What to produce:
Print the data below exactly as it stands, and keep the pictures out.

Recorded information:
● ● ● ● ●
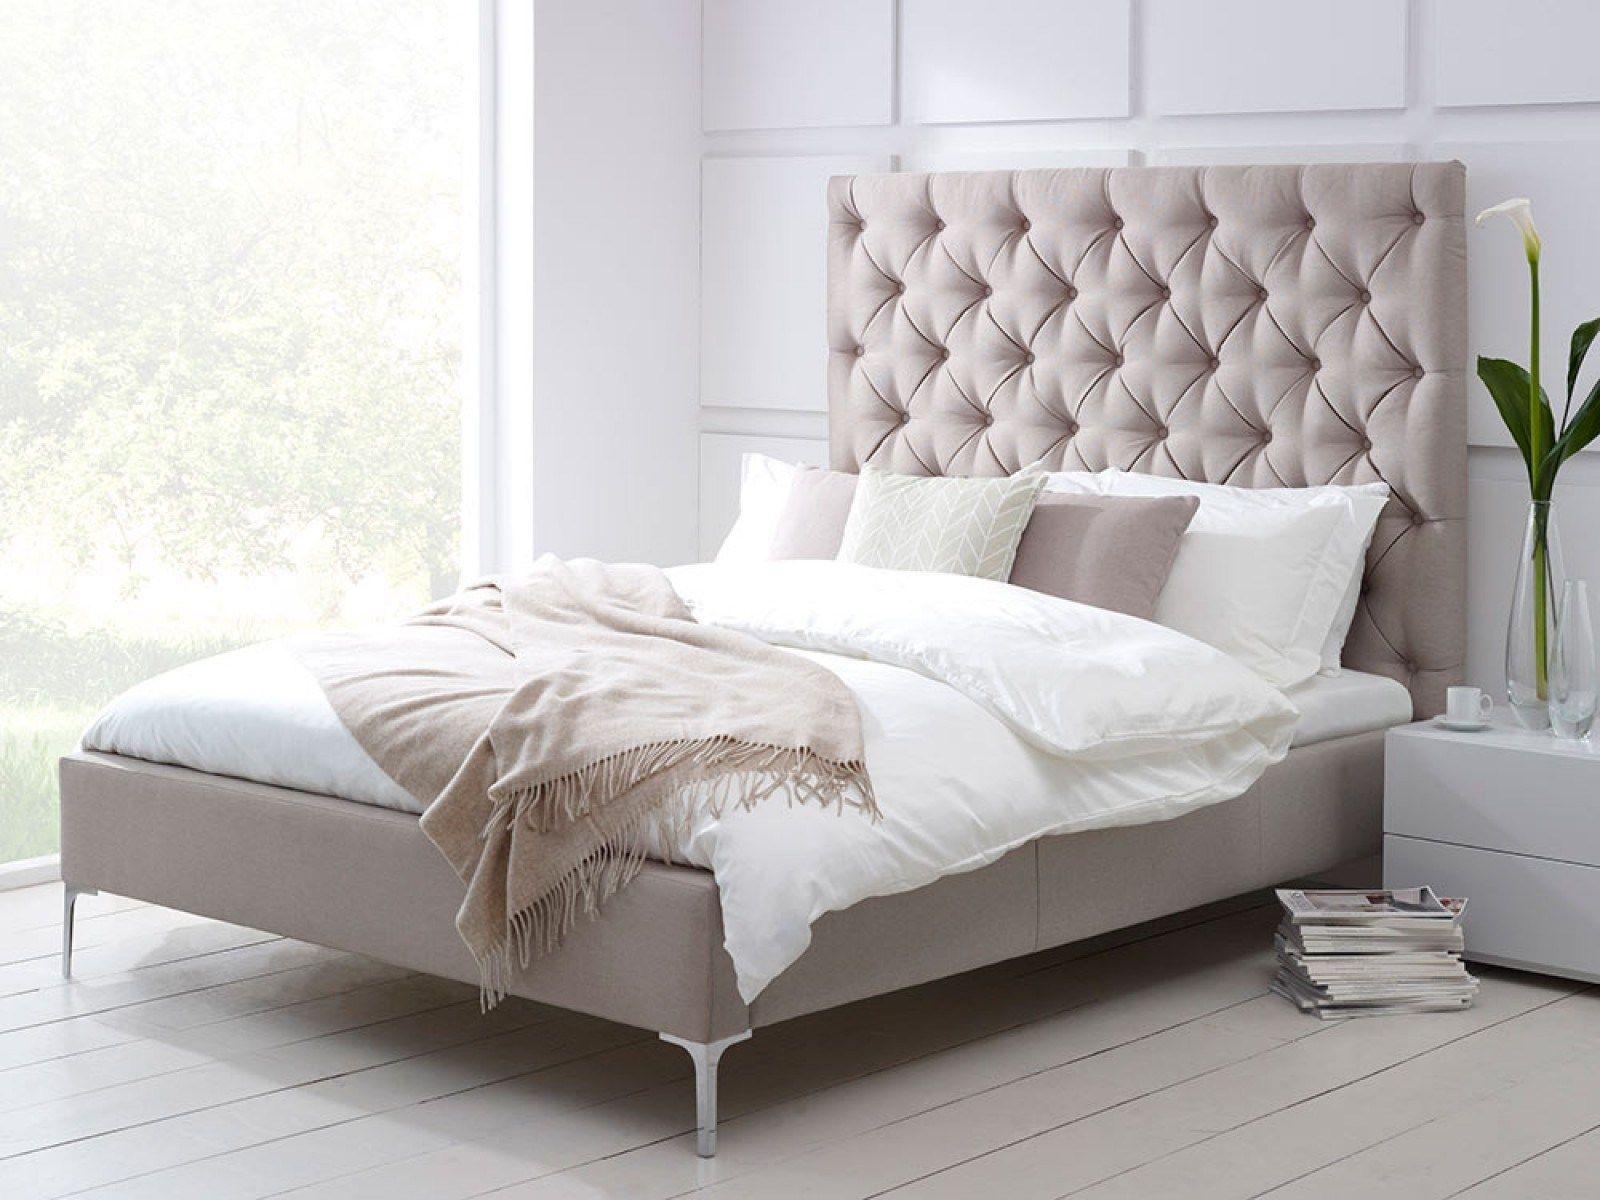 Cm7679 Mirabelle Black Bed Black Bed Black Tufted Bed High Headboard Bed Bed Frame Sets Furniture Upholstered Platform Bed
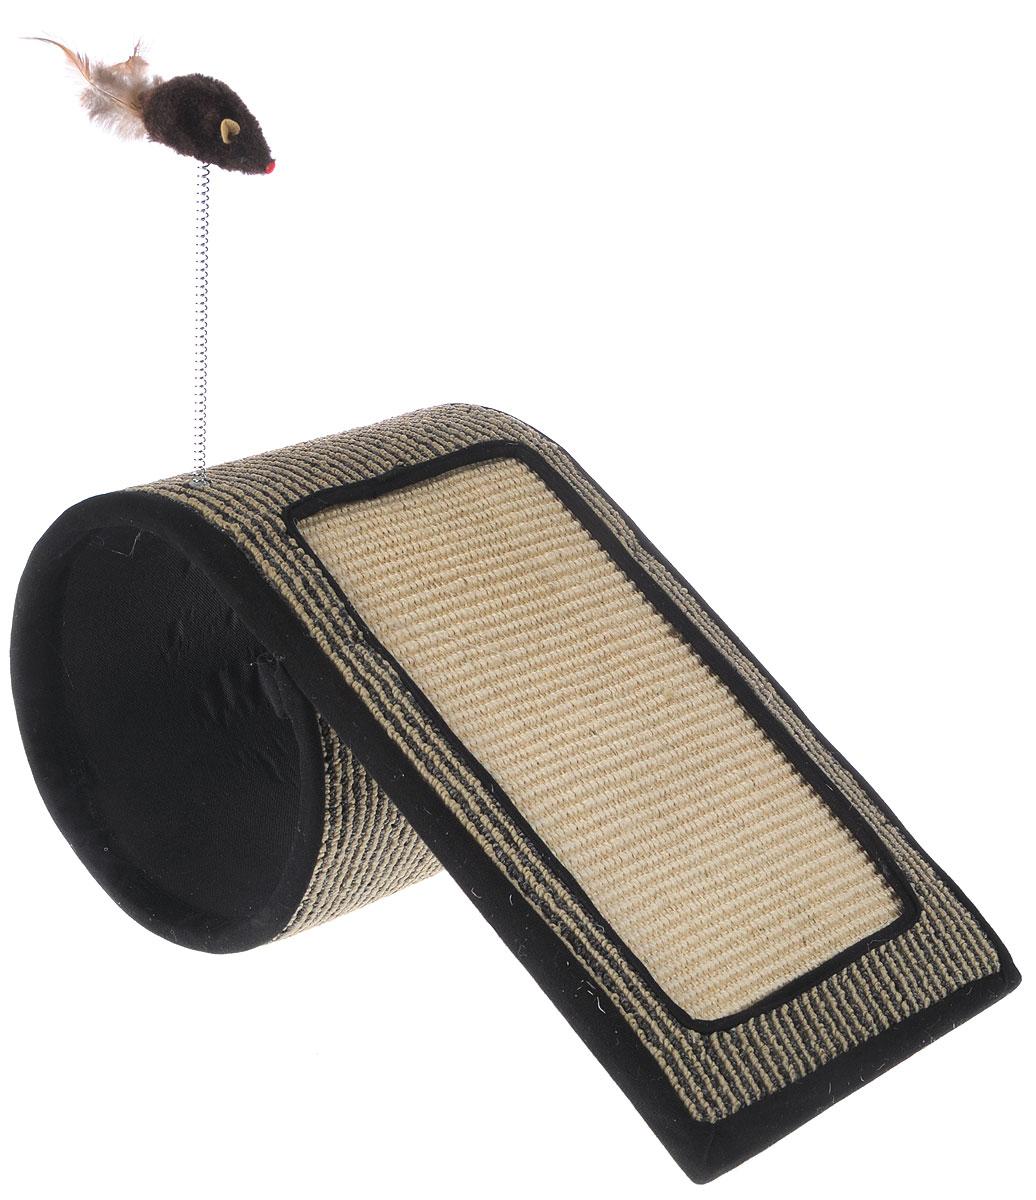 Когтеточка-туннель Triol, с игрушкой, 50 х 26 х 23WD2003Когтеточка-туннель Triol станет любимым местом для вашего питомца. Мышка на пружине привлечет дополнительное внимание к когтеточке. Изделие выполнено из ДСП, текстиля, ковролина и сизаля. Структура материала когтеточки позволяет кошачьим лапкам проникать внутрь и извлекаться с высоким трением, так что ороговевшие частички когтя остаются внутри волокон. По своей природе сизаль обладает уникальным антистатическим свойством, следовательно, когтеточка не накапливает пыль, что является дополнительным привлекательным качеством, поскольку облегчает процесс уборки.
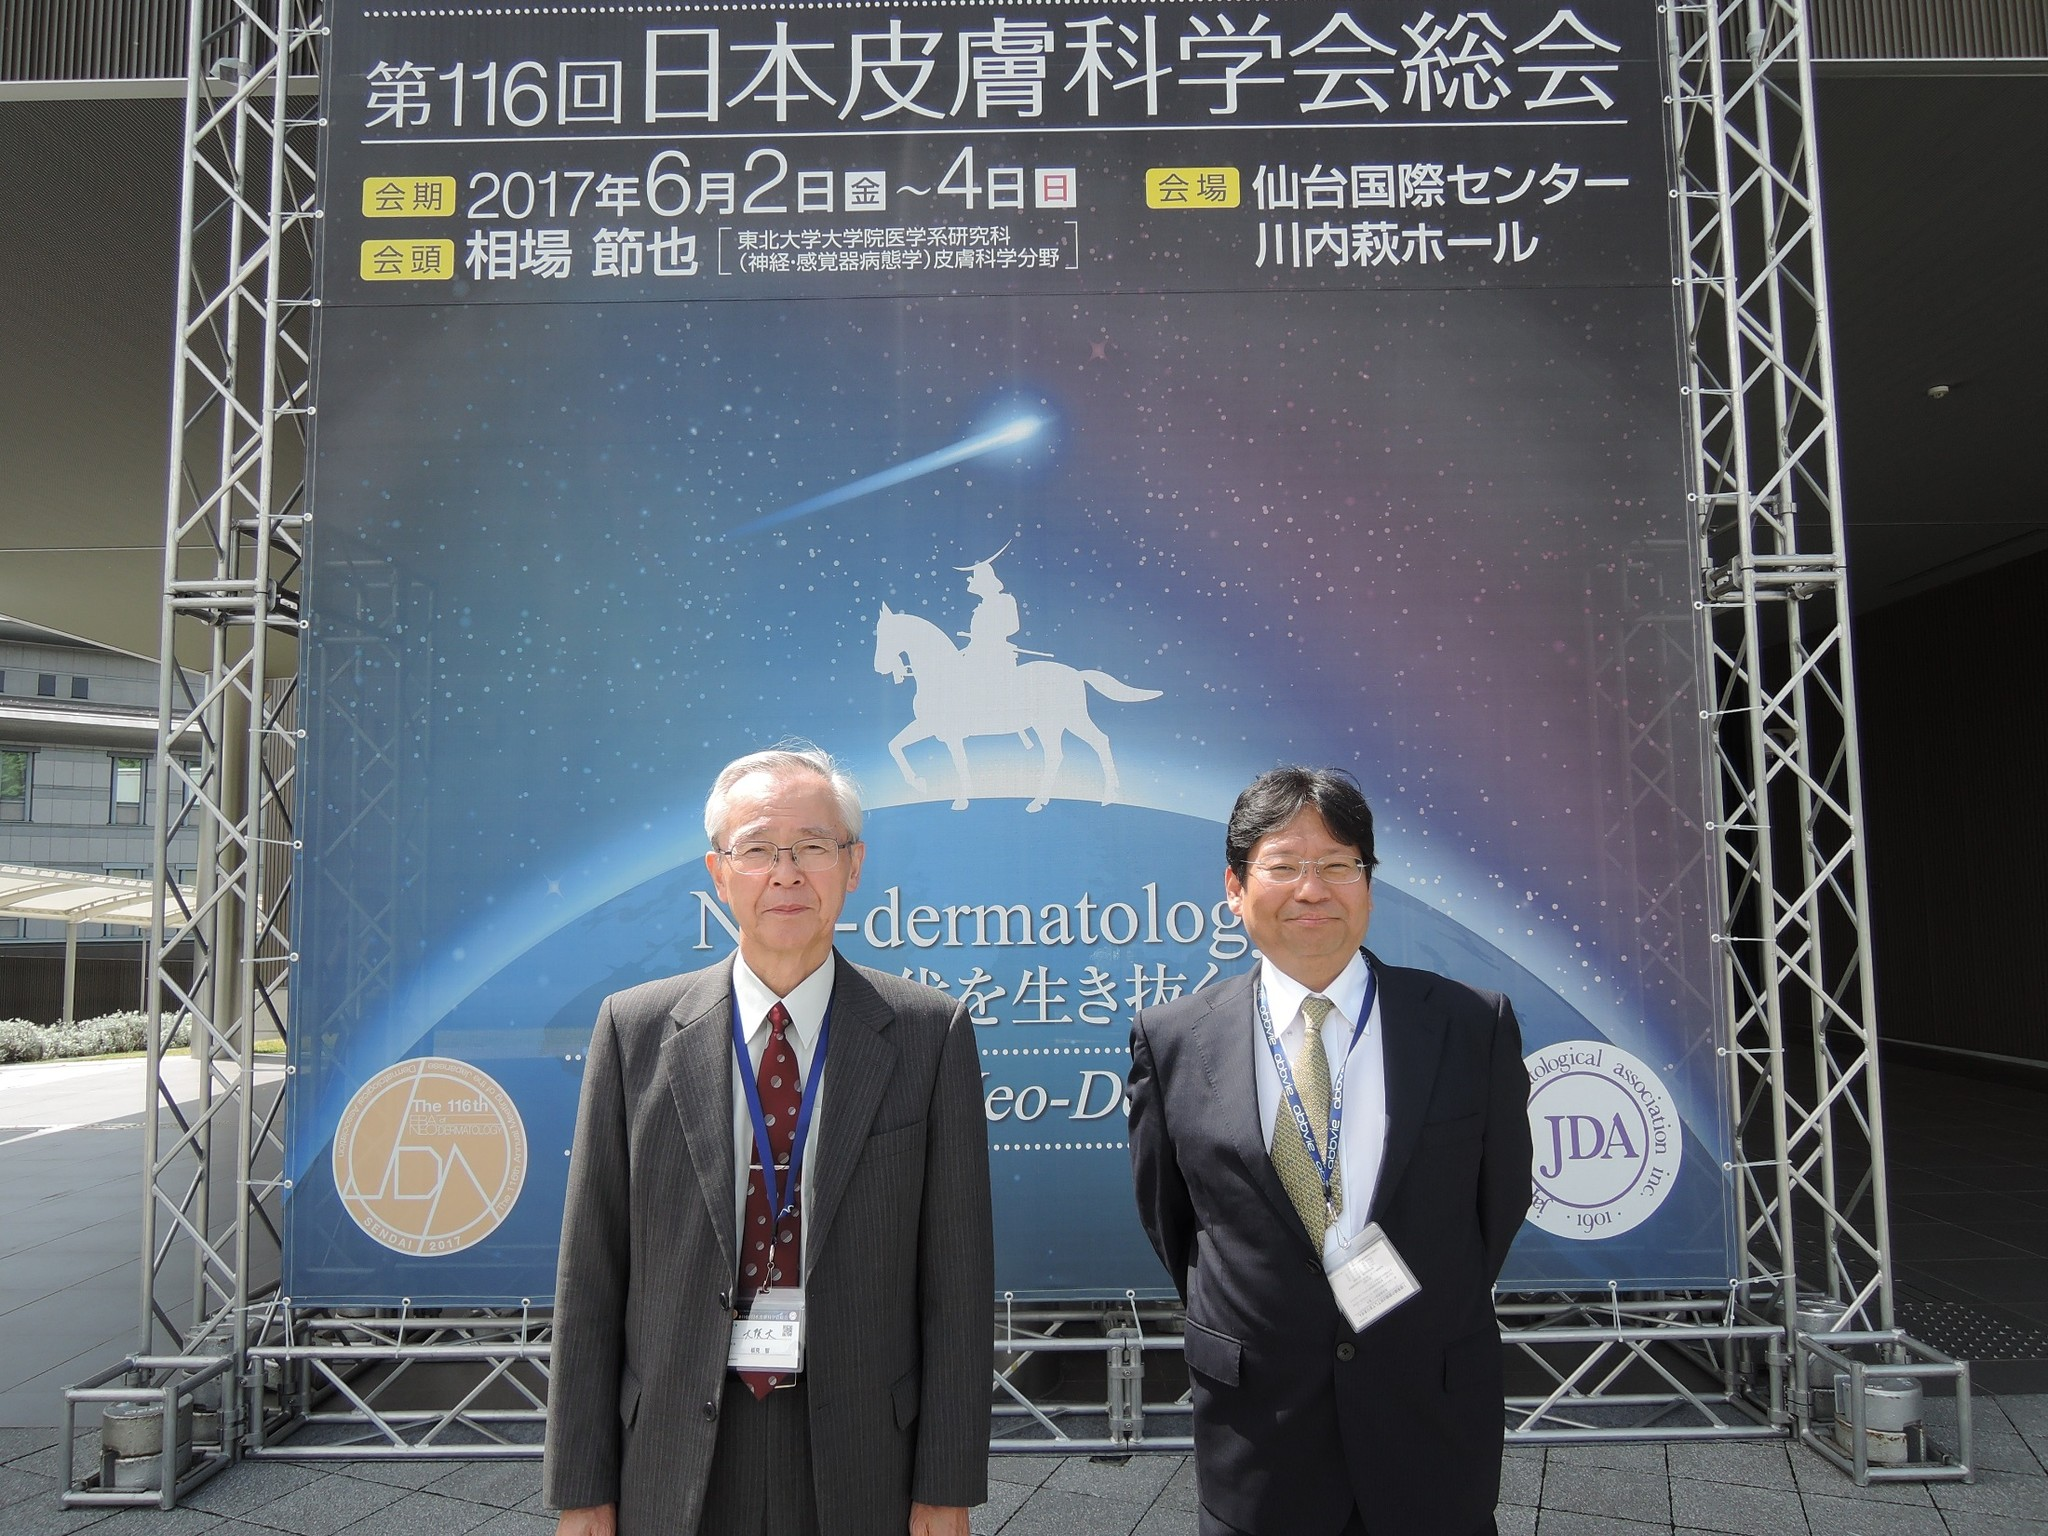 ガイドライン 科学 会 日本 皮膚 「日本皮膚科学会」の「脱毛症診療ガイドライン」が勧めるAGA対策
● ● ● ● ●
Answer:
 Cm7679 Mirabelle Black Bed Black Bed Black Tufted Bed High Headboard Bed Bed Frame Sets Furniture Upholstered Platform Bed
 Когтеточка-туннель Triol, с игрушкой, 50 х 26 х 23WD2003Когтеточка-туннель Triol станет любимым местом для вашего питомца. Мышка на пружине привлечет дополнительное внимание к когтеточке. Изделие выполнено из ДСП, текстиля, ковролина и сизаля. Структура материала когтеточки позволяет кошачьим лапкам проникать внутрь и извлекаться с высоким трением, так что ороговевшие частички когтя остаются внутри волокон. По своей природе сизаль обладает уникальным антистатическим свойством, следовательно, когтеточка не накапливает пыль, что является дополнительным привлекательным качеством, поскольку облегчает процесс уборки.
 ガイドライン 科学 会 日本 皮膚 「日本皮膚科学会」の「脱毛症診療ガイドライン」が勧めるAGA対策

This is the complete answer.